Based on what you know about B cell maturation, what response from the B cell to the cytokine stimulation would you expect?

37. Mechanisms of the Immune Response, continued
T help is not required for B cell stimulation in response to “T independent” antigens.
T independent antigens are usually in the form of a repeating subunit like a polysaccharide, lipid, or nucleic acid, not a protein.
Binding by this type of antigen somehow provides both signals that are required for B cell stimulation (by causing extensive cross-linking of the surface antibodies?)
The outcome from this type of stimulation is clearly different from that which occurs in T-dependent stimulation, since with the T-independent stimulation no memory cells are made.
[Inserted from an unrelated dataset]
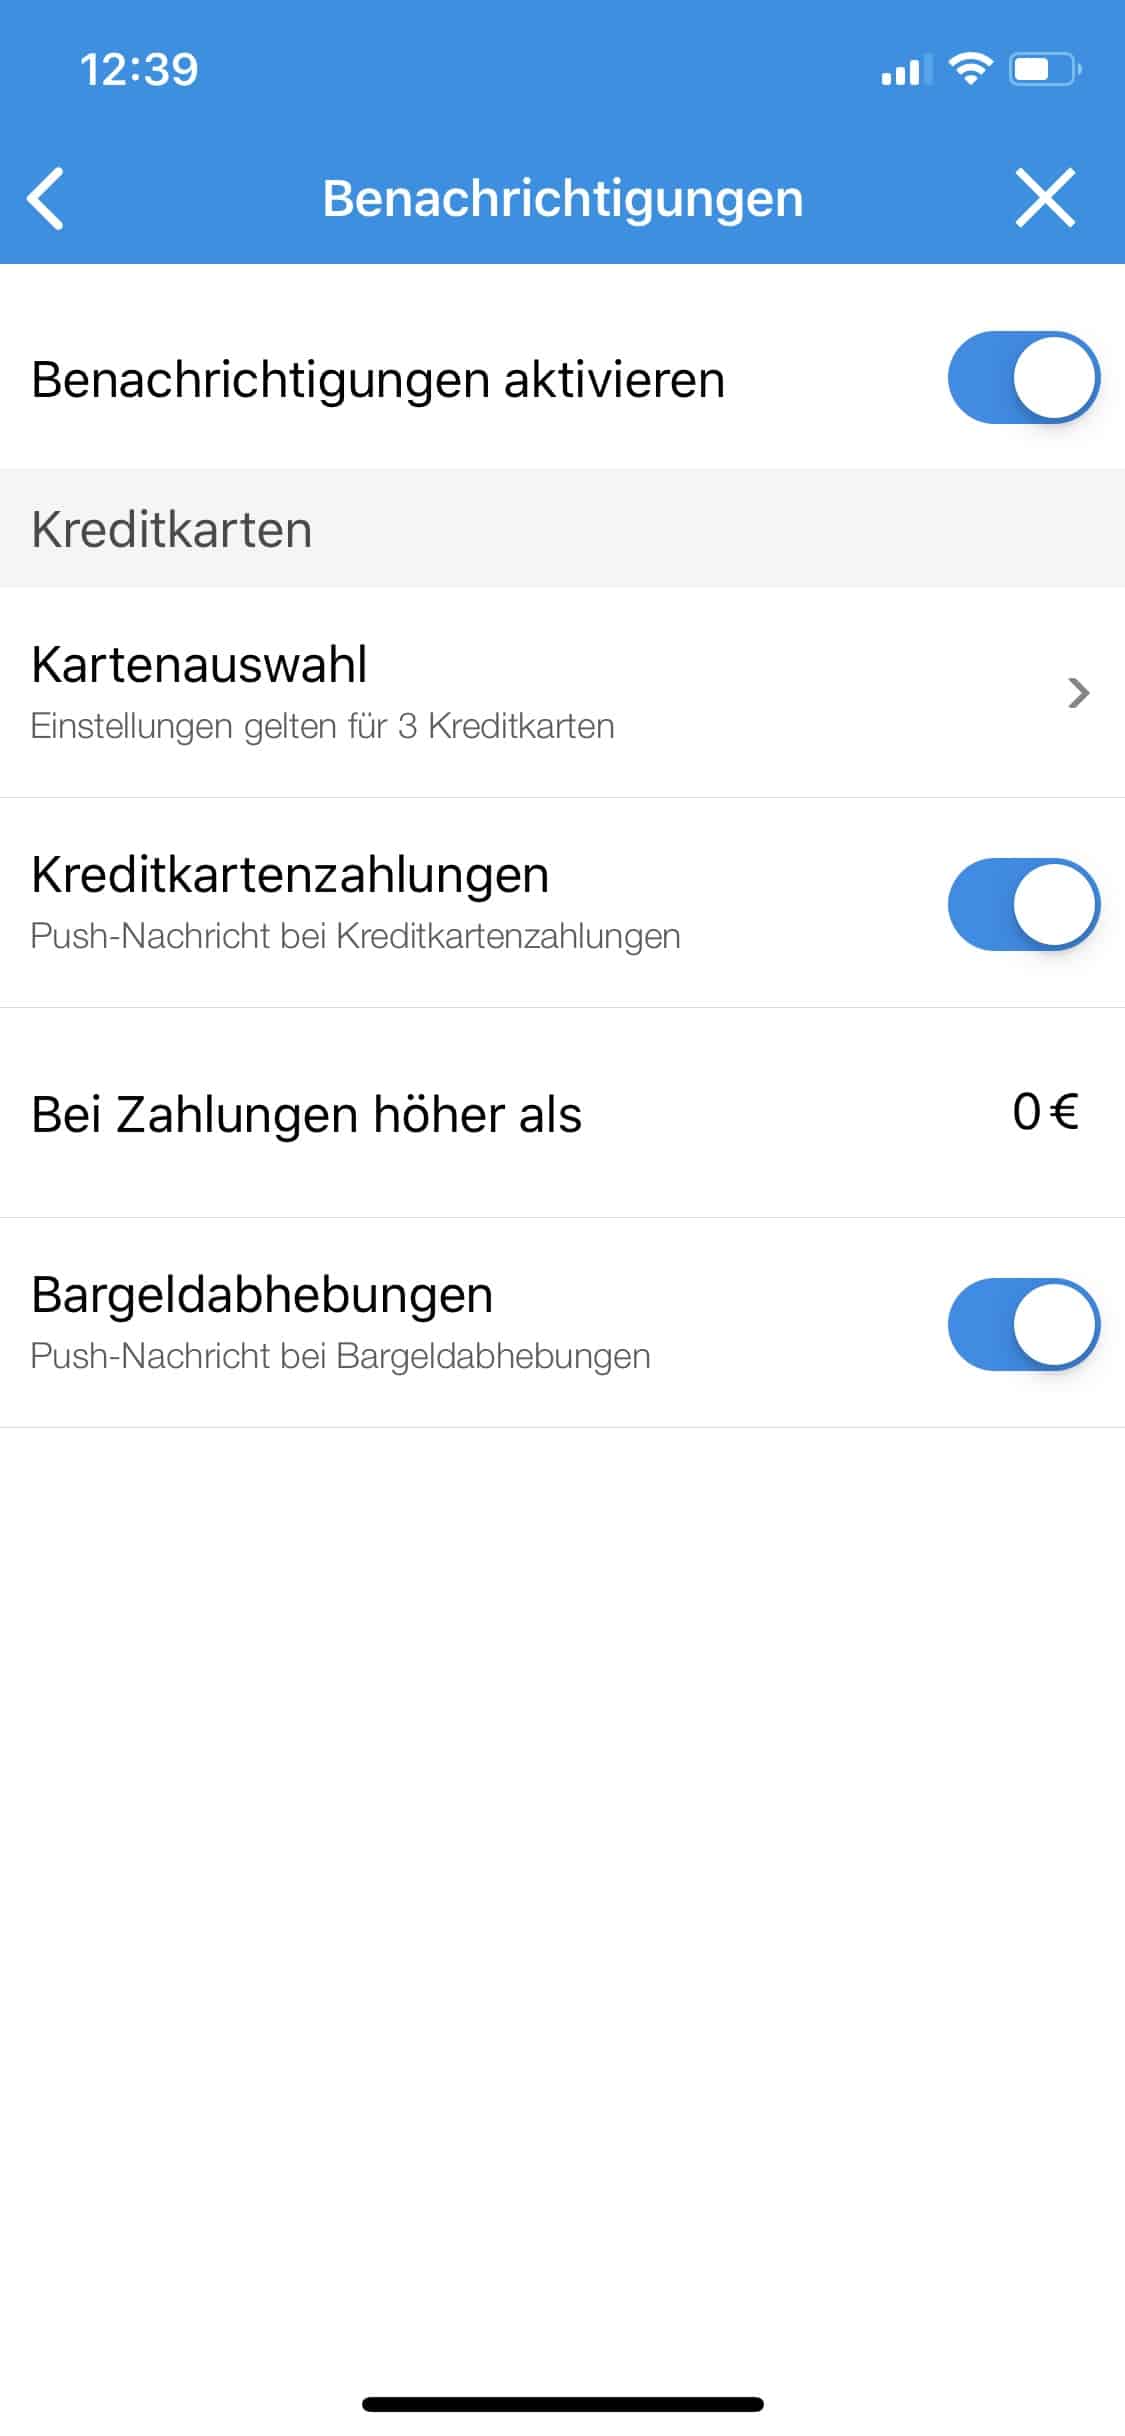 Apple iPhone - DKB-Banking-App - Card Control - Benachrichtigungen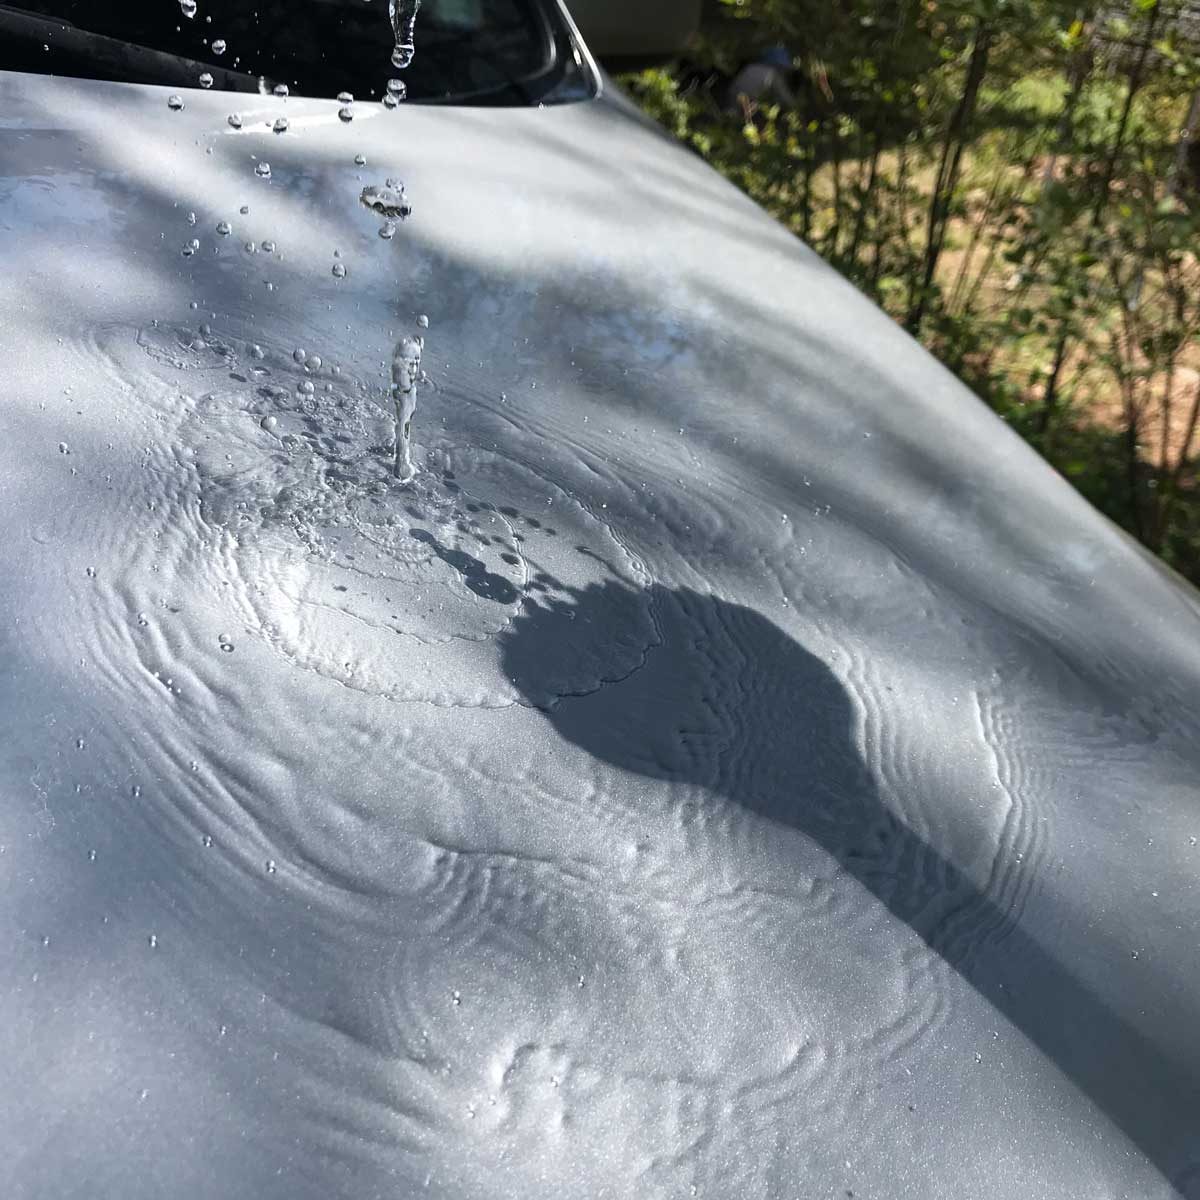 Water flowing on car

There is no anamnestic response for T-independent antigens.

38. T-independent activation of B cells How does the response differ from T-dependent activation?
Compare with slide #29.

39. Mechanisms of the Immune Response, continued
Cytotoxic T lymphocytes (CTLs) have CD8 on their surfaces (significance will be described later) and they act to destroy target cells, including infected cells, cancer cells, and tissue transplants.
Cytotoxic T cells are like T helper cells in that, in order to function, they can only recognize a foreign antigen in the context of a self-antigen (MHC complex).
The T cell restriction (for both T helper cells and cytotoxic T cells) involves proteins (sometimes called antigens) encoded in the Major Histocompatibility Complex (MHC).